# Cloud Semantic Search Value (Customer-Facing Technical Story)
This document explains why teams should buy cloud semantic search even when local search exists.
## Core Promise
Markdown files remain the source of truth in both local and cloud modes.
- Files are portable.
- Search indexes are derived and rebuildable.
- You never get locked into proprietary document storage.
## The Customer Problem
Teams paying for cloud are usually not optimizing for "can this run locally." They are optimizing for:
- finding the right note the first time,
- keeping retrieval quality high as note volume grows,
- avoiding search slowdowns while content is actively changing,
- getting consistent results across users, agents, and sessions.
## Why Cloud Is the Aspirin
Cloud semantic search is the immediate pain reliever because it fixes the problems users feel right now.

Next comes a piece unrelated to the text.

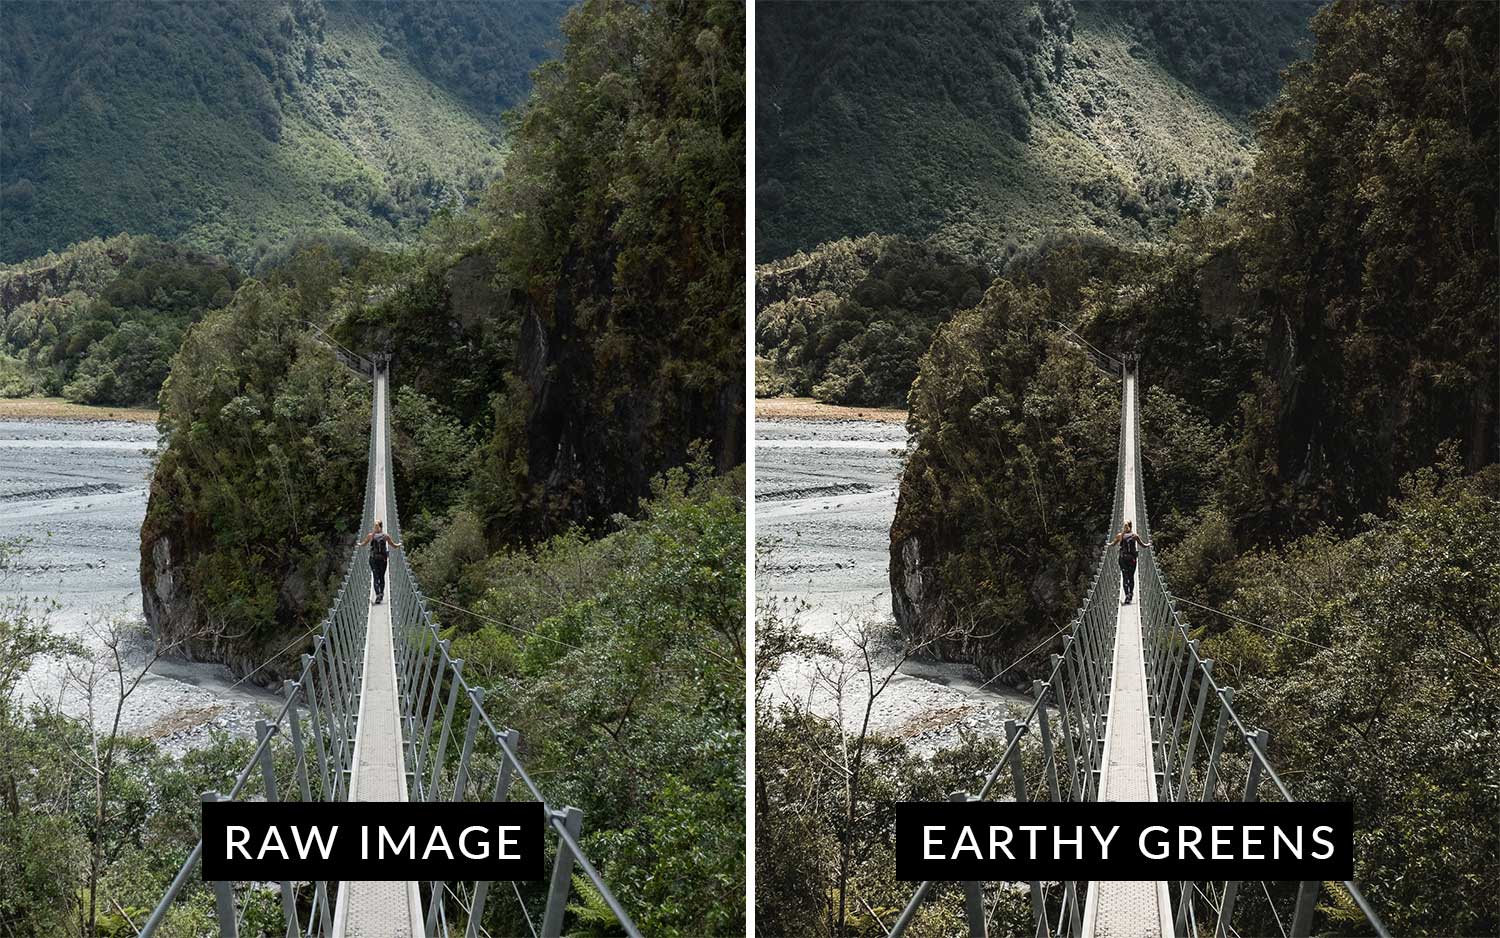 A before and after comparison showing the Earthy Greens preset which is included in this moody Lightroom presets package.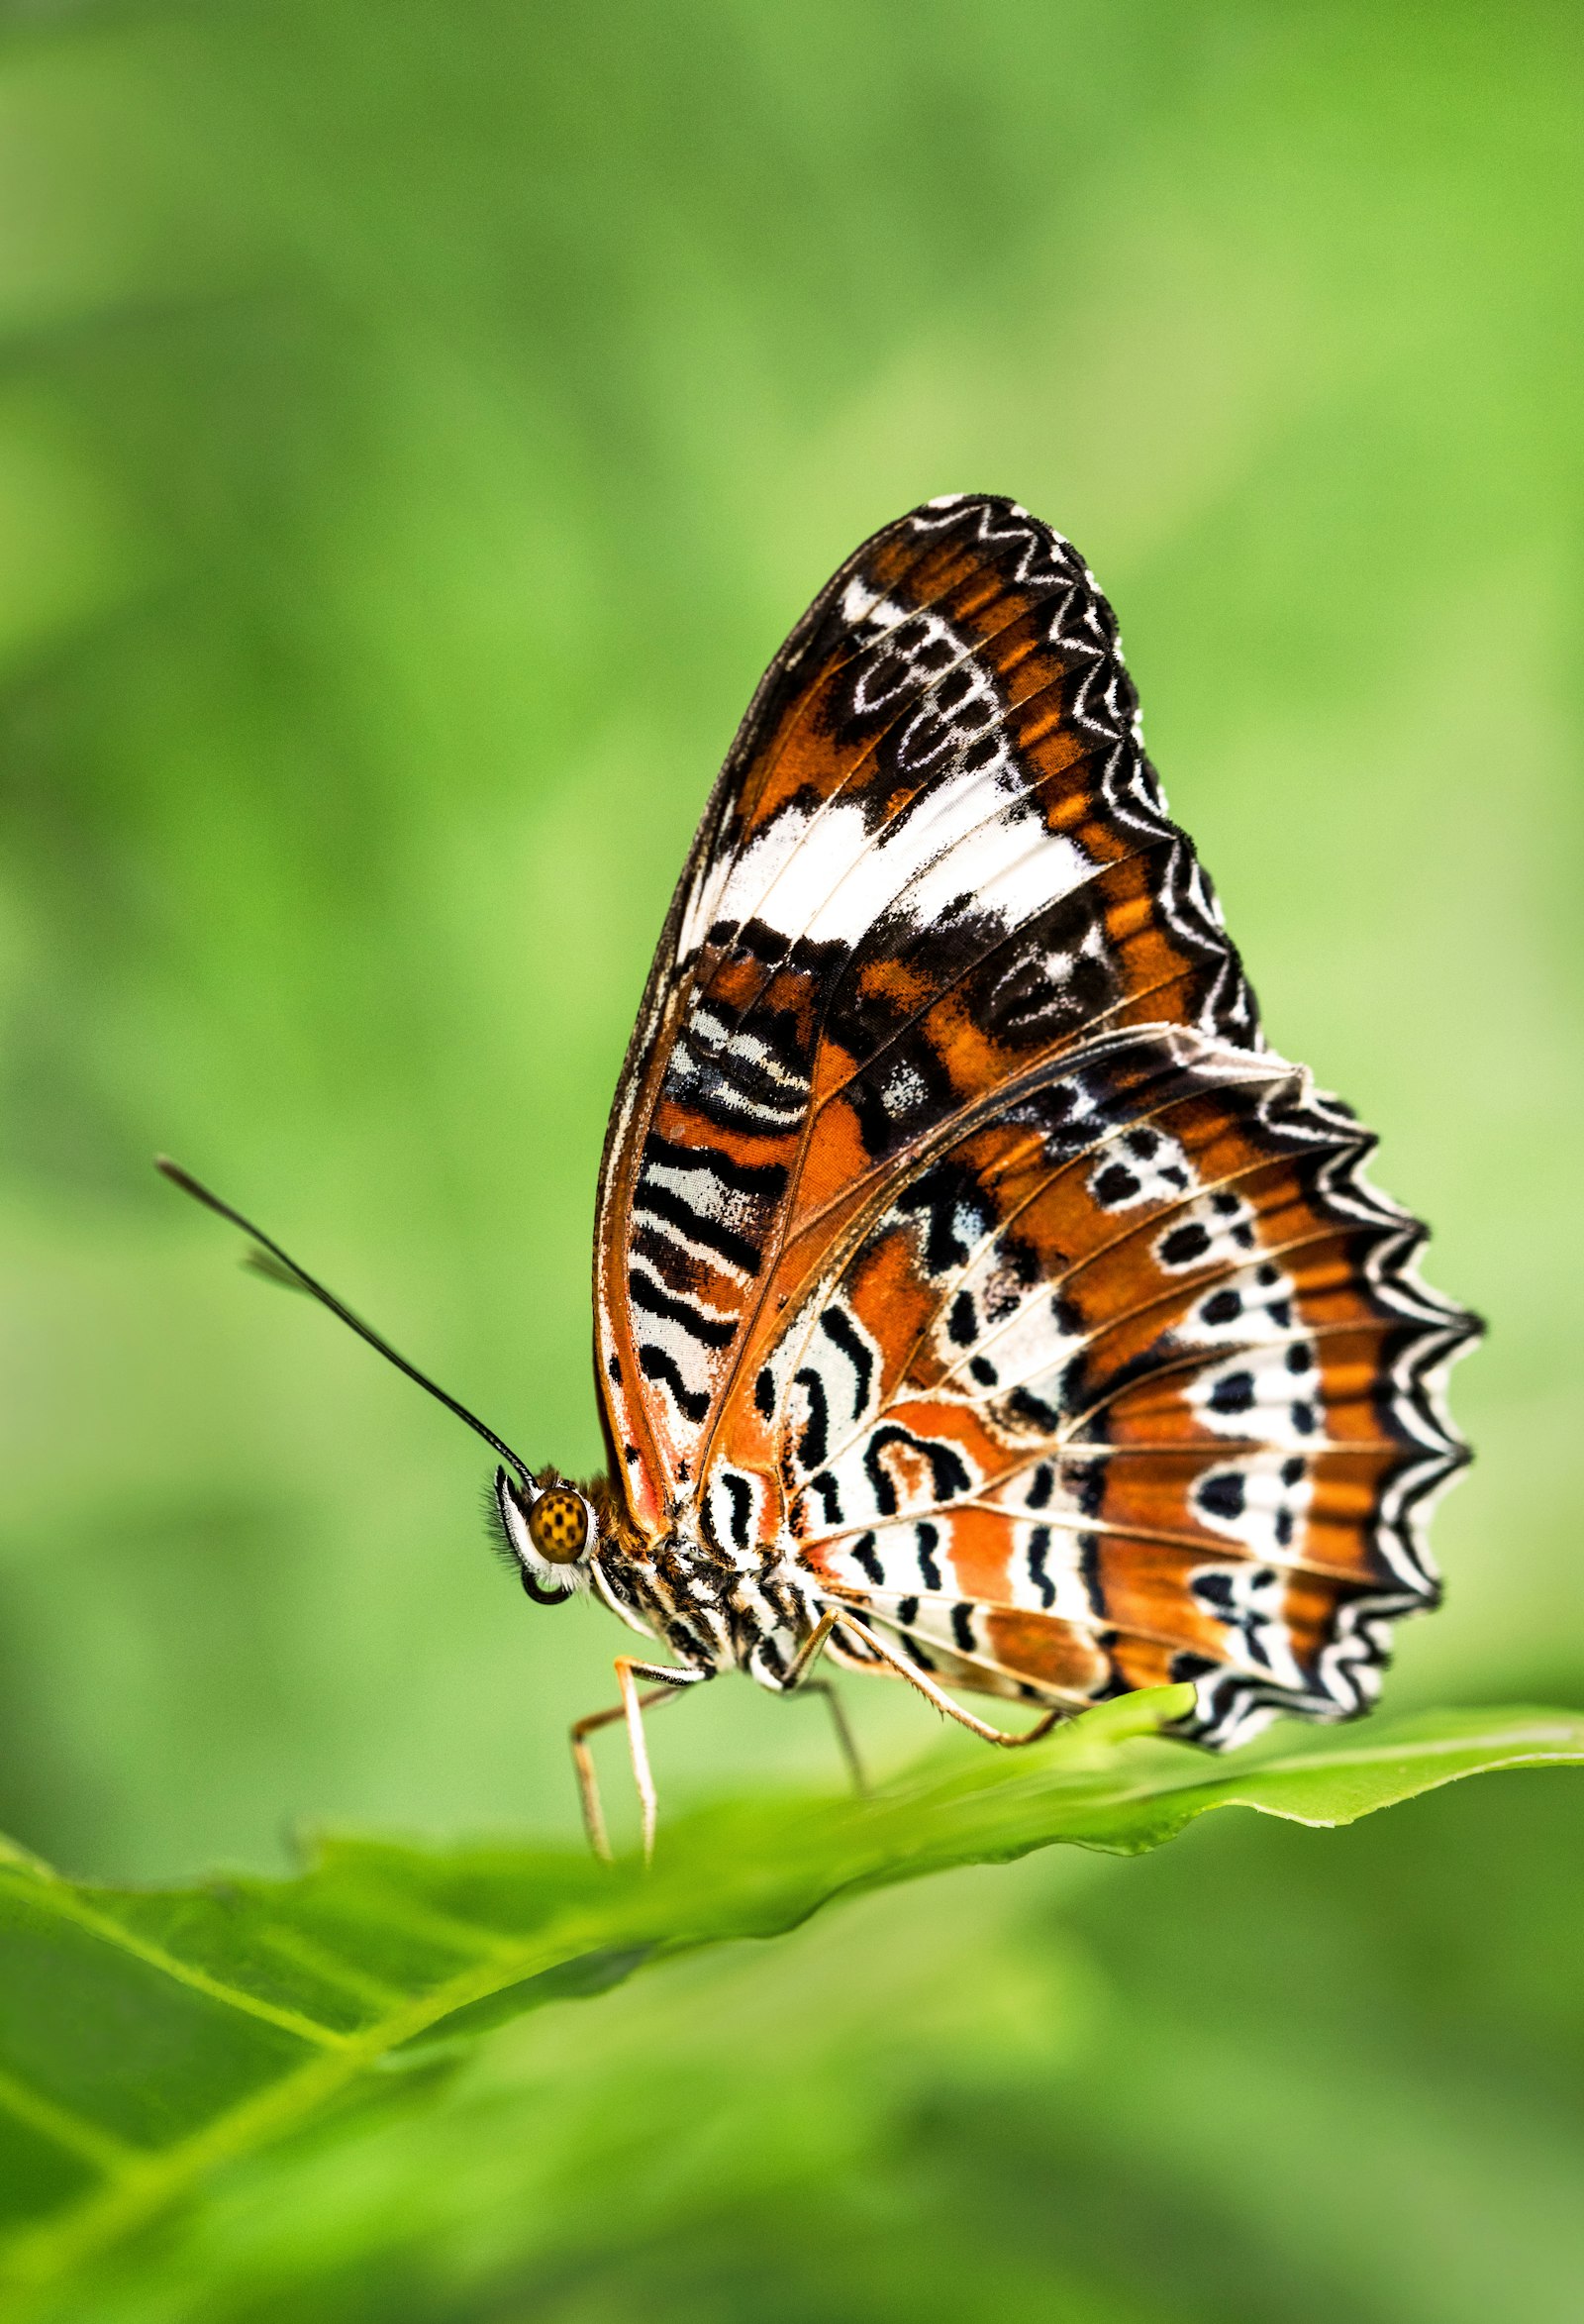 Tamron SP 90mm F2.8 Di VC USD 1:1 Macro (F004) sample photo. Leopard lacewing butterfly perched photography

### 1) Better hit rate on real queries
Cloud uses stronger managed embeddings than the default local model, which improves semantic recall for paraphrases and vague questions.
Customer outcome:
- fewer "I know this exists but search missed it" moments,
- less query rewording,
- faster time to answer.
### 2) Better behavior under active workloads
Cloud indexing runs out of band in workers, so indexing does not compete with interactive read/write traffic.
Customer outcome:
- stable search responsiveness during heavy updates,
- fresher semantic results shortly after edits,
- less user-visible performance variance.
### 3) Better consistency for shared knowledge
Cloud retrieval runs against a centralized tenant index, so teams and agents resolve against the same semantic state.
Customer outcome:
- fewer "works on my machine" search differences,
- more predictable agent behavior across environments,
- easier cross-user collaboration on large knowledge bases.
### 4) Better quality at higher scale
With Postgres + `pgvector` per tenant, cloud can sustain larger note collections and higher query volumes than typical local setups.
Customer outcome:
- confidence as repositories grow to tens of thousands of notes,
- less need for user-side tuning,
- fewer quality regressions as usage increases.
## Local Is the Vitamin
Local semantic search still matters and should stay strong.
- offline use,
- privacy-first operation,
- no cloud dependency,
- user-controlled runtime.
It compounds long-term ownership and resilience, but does not remove the immediate pain points cloud solves for teams at scale.
## Recommended Messaging
One-liner:
"Cloud semantic search is the aspirin: it fixes retrieval quality and performance pain now. Local semantic search is the vitamin: it builds long-term control and resilience."
Long form:
"Basic Memory keeps markdown as the source of truth everywhere. Local gives privacy and offline control. Cloud adds immediate, measurable improvements in search quality, consistency, and responsiveness for teams and agents running at scale."
## Packaging Guidance
- Base: local FTS plus optional local semantic search.
- Cloud value: higher semantic quality, stable performance under load, and consistent team-wide retrieval.
- Keep interfaces pluggable (`EmbeddingProvider`, vector backend protocol) so implementation can evolve without changing user workflows.